= Paul Bronfman =

Canadian entertainment industry executive

Paul Bronfman (May 28, 1957 – February 26, 2025) was a Canadian film and television industry executive and producer.

==Early life and education==
Born in Montreal, Quebec, Bronfman was the son of Edward Bronfman, co-founder of Edper (later Brookfield Asset Management), and the nephew of Peter Bronfman. His grandfather, Allan Bronfman, was the brother of Seagram founder Samuel Bronfman. At age 20, Bronfman relocated to Toronto, aiming to develop a career distinct from his family's established reputation.

==Career==
Bronfman began his career in the entertainment industry as a roadie for the band April Wine and later worked in post-production at Pathé Sound. In 1988, he established Comweb Corporation, a holding company for his media ventures. His first major project was the creation of North Shore Studios in Vancouver in collaboration with producer Stephen Cannell. The facility later served as a production site for television series including The X-Files.

Bronfman later acquired William F. White International, a film and television equipment rental company, financing the purchase by mortgaging his home. Under his management, the company grew to become a prominent provider of production equipment in Canada. In 2008, he founded Pinewood Toronto Studios, which includes one of the largest purpose-built sound stages in North America. He sold William F. White in 2019.

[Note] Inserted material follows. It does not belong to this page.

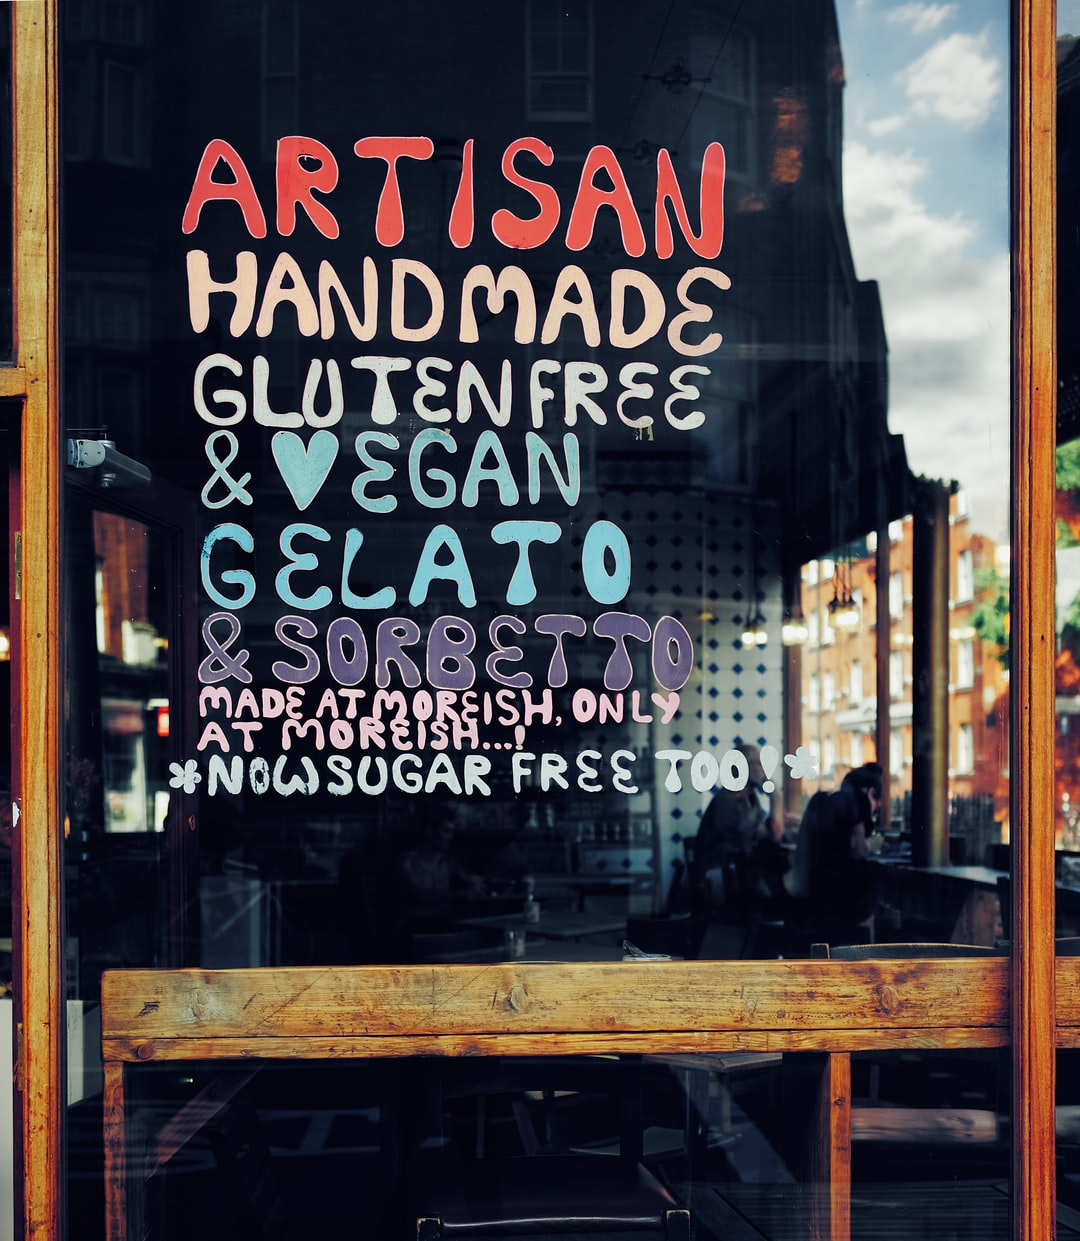 Artisan Handmade Gluten Free & Vegan
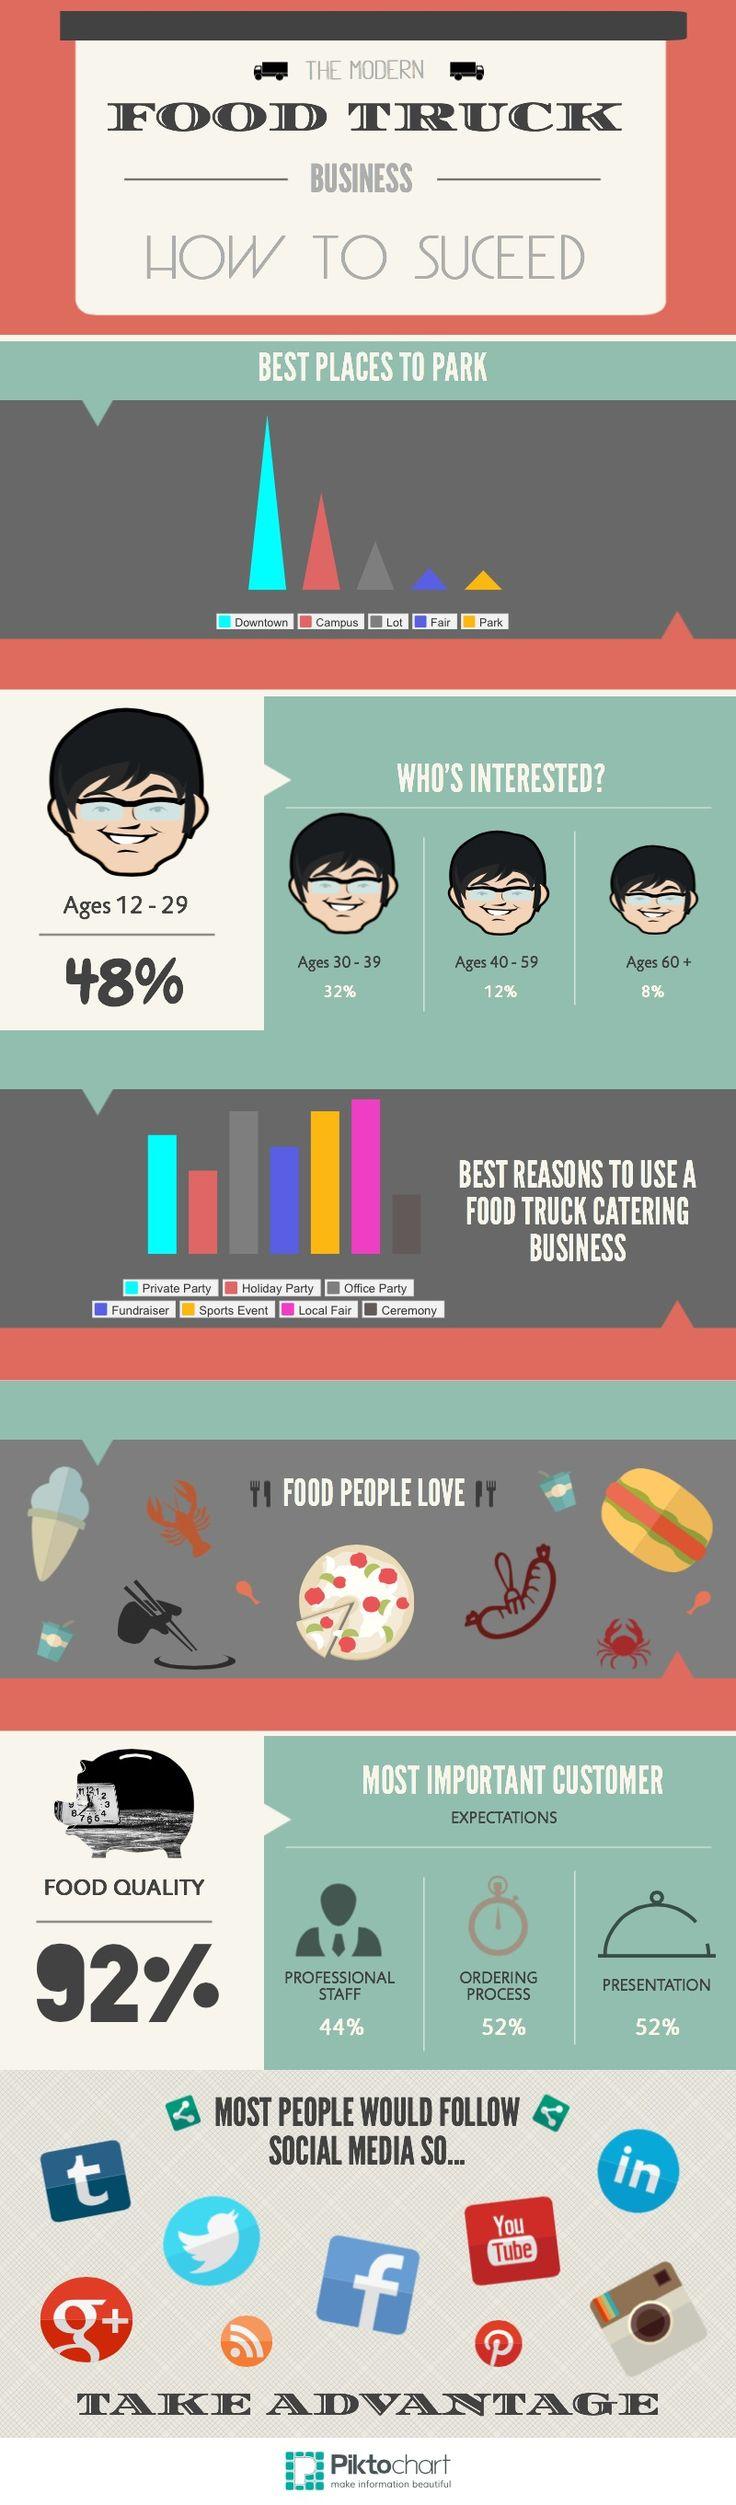 12 best community food kitchen images on Pinterest | Food carts ...

In 1995, Bronfman was diagnosed with multiple sclerosis. He initially kept the diagnosis private but eventually disclosed it and continued working in the industry. He made adaptations to accommodate his condition, including the use of a customized elevating wheelchair for professional events.

Bronfman served in various industry organizations, including the Academy of Canadian Cinema & Television and Film Ontario, and was a member of the Academy of Motion Picture Arts and Sciences.